- [Task prompt] Without any pictures, print the lines below from the one that has "Jose Cuervo Reposado Tequila 50ml" through the one that has "Giant panda bear eating bamboo in a zoo", exactly and nothing else.

- [Input for this task]
--
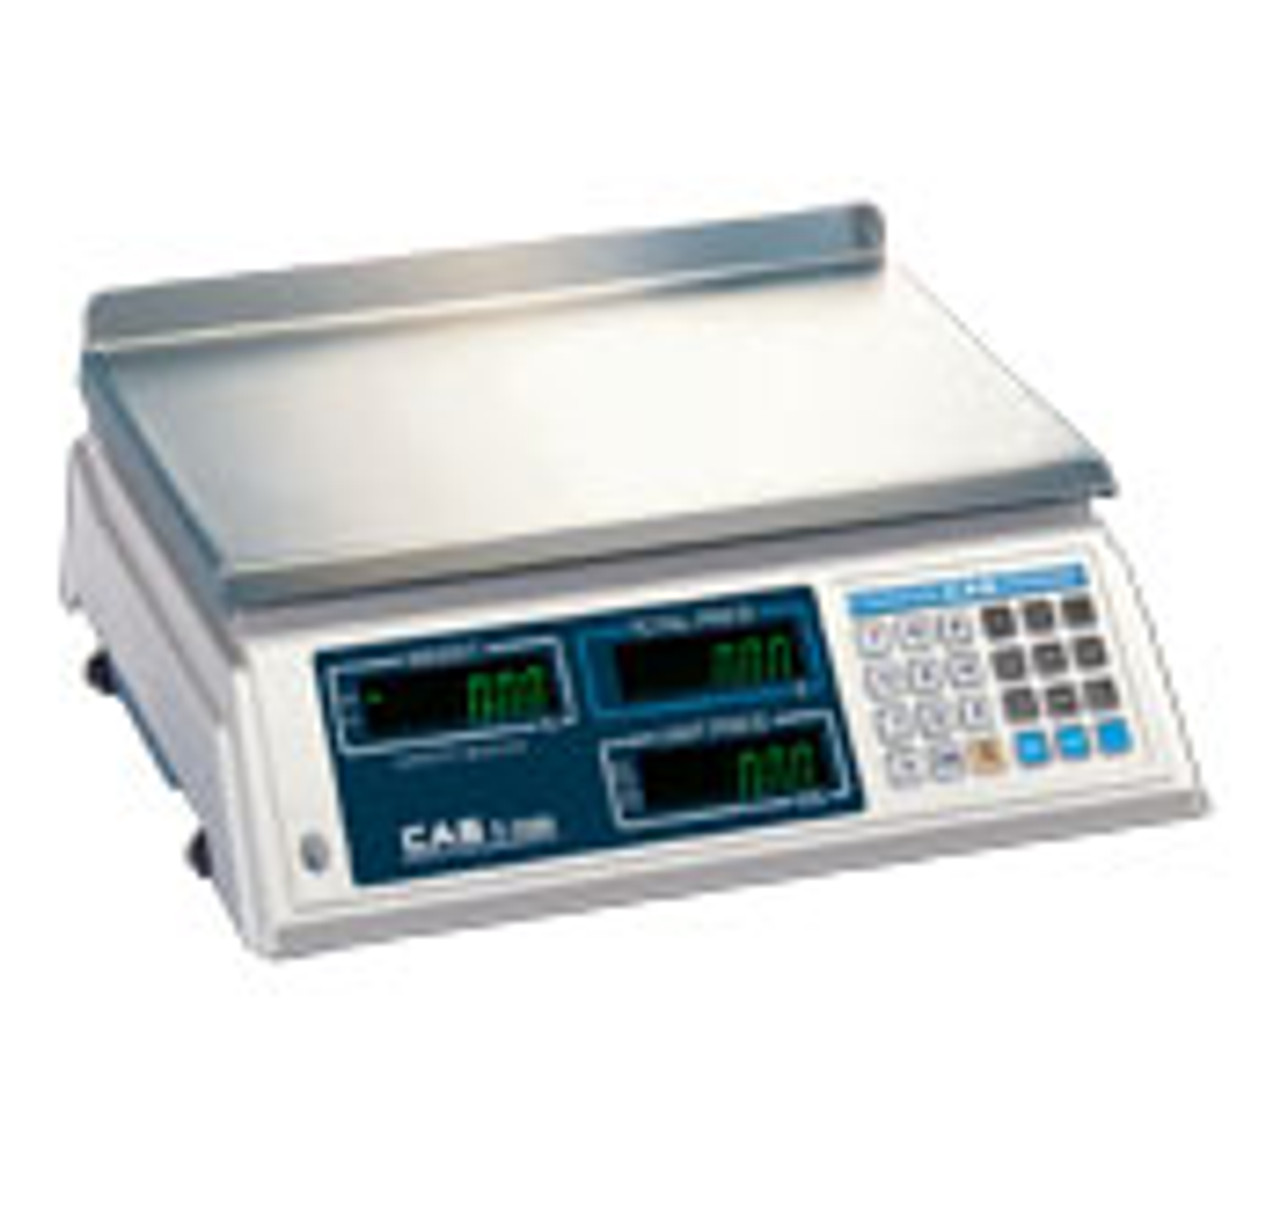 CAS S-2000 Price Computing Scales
--
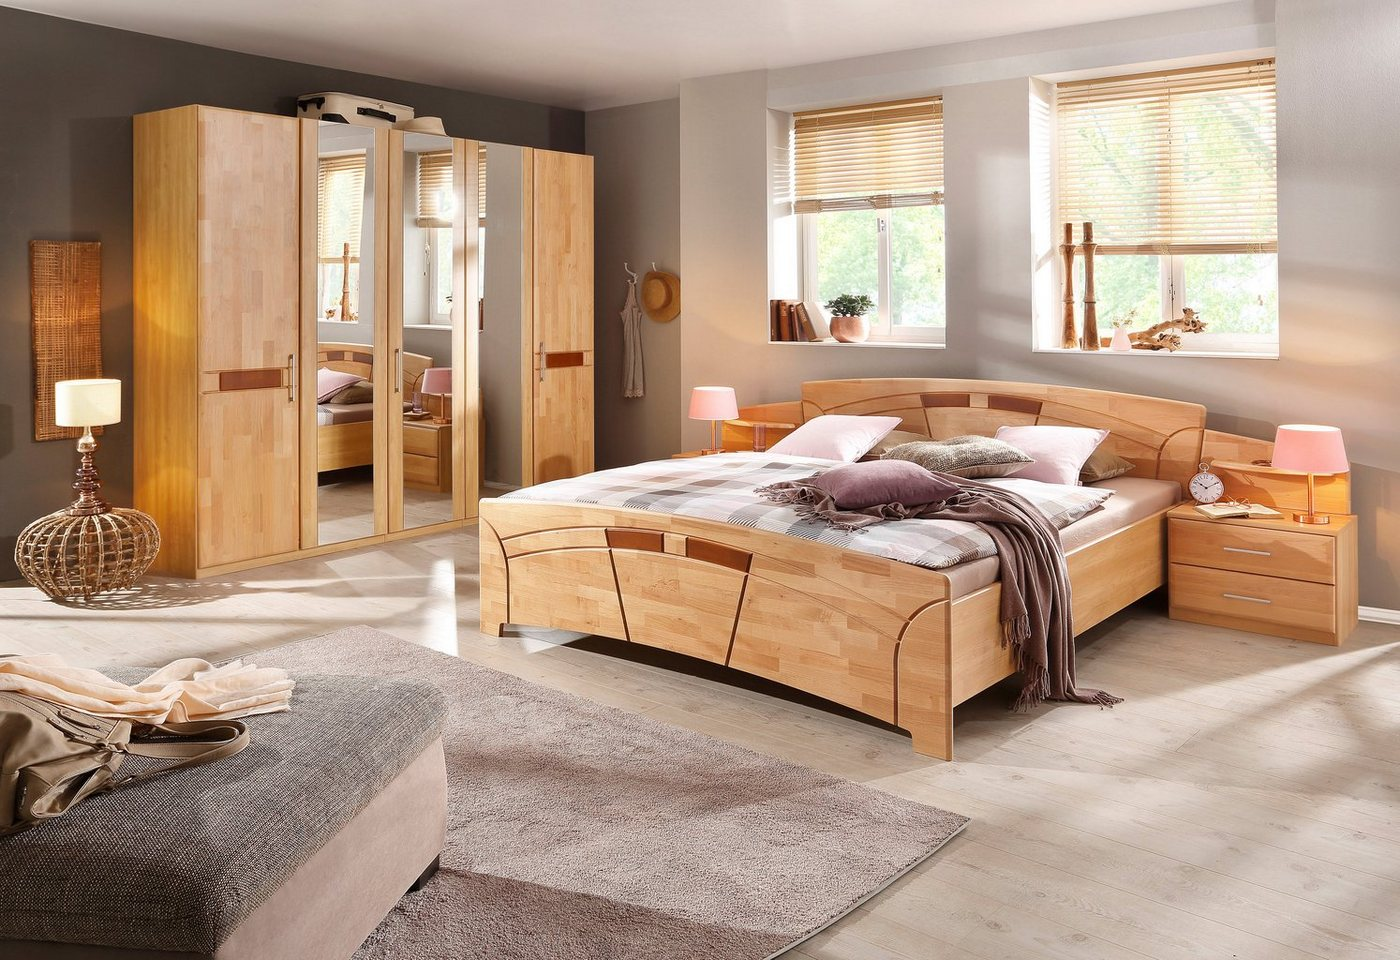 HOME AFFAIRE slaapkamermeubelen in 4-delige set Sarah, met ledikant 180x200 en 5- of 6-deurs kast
--
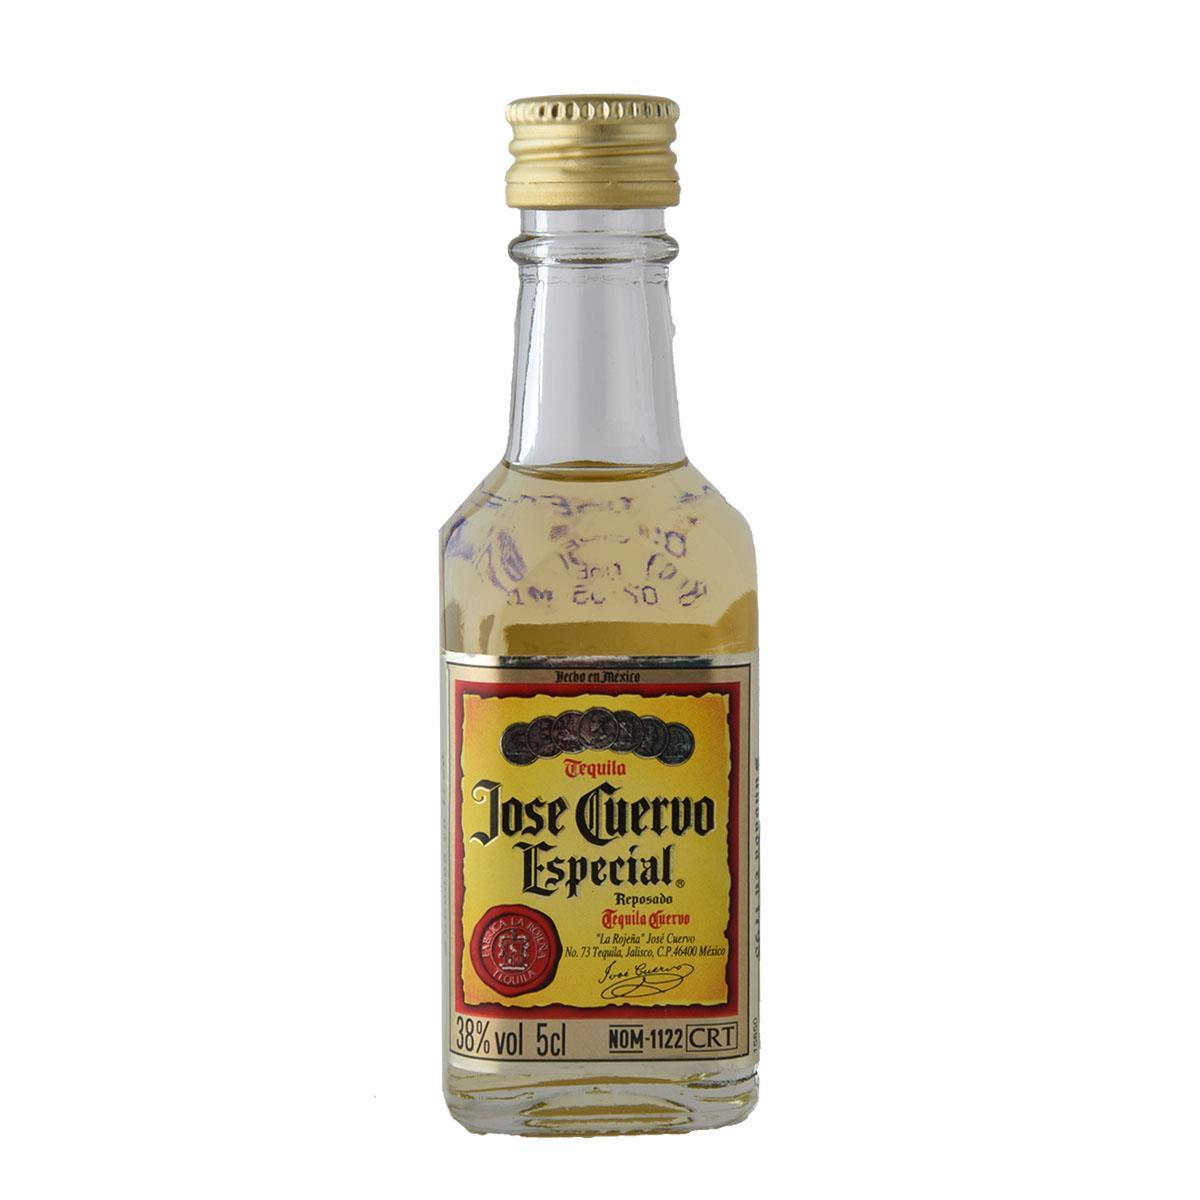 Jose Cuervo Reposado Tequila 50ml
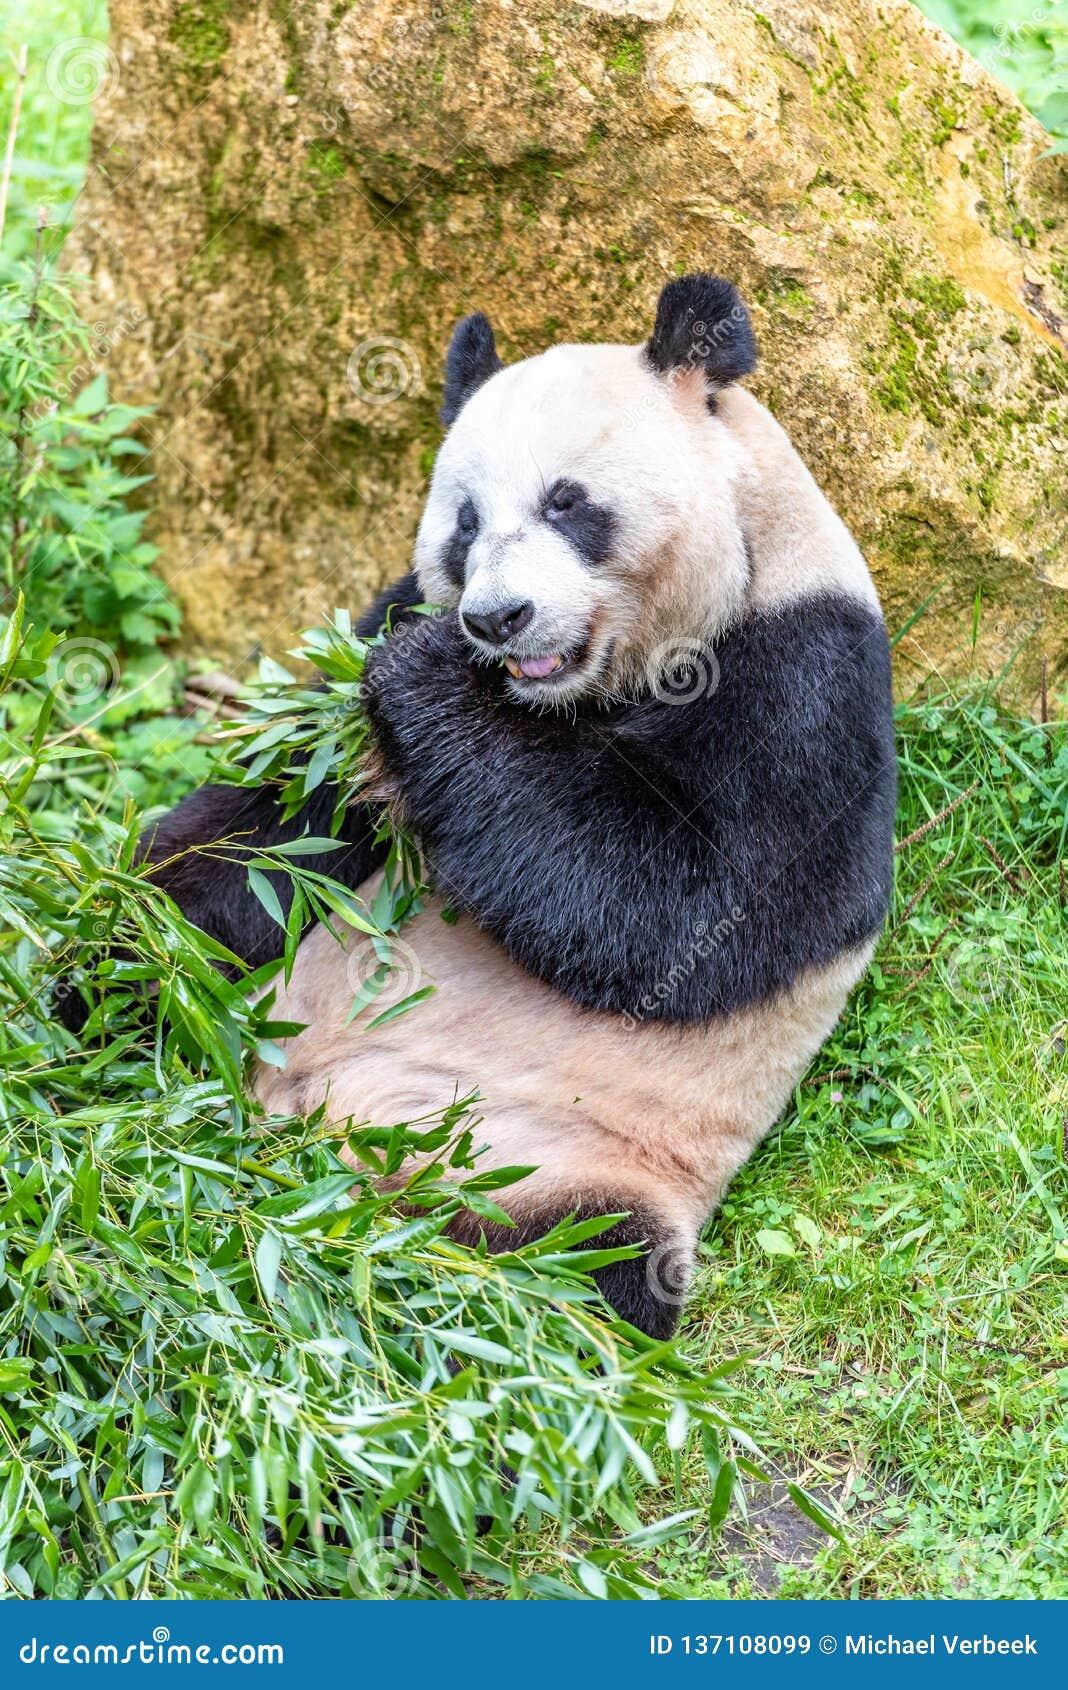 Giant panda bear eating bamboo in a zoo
--
- [Response]
 Jose Cuervo Reposado Tequila 50ml
 Giant panda bear eating bamboo in a zoo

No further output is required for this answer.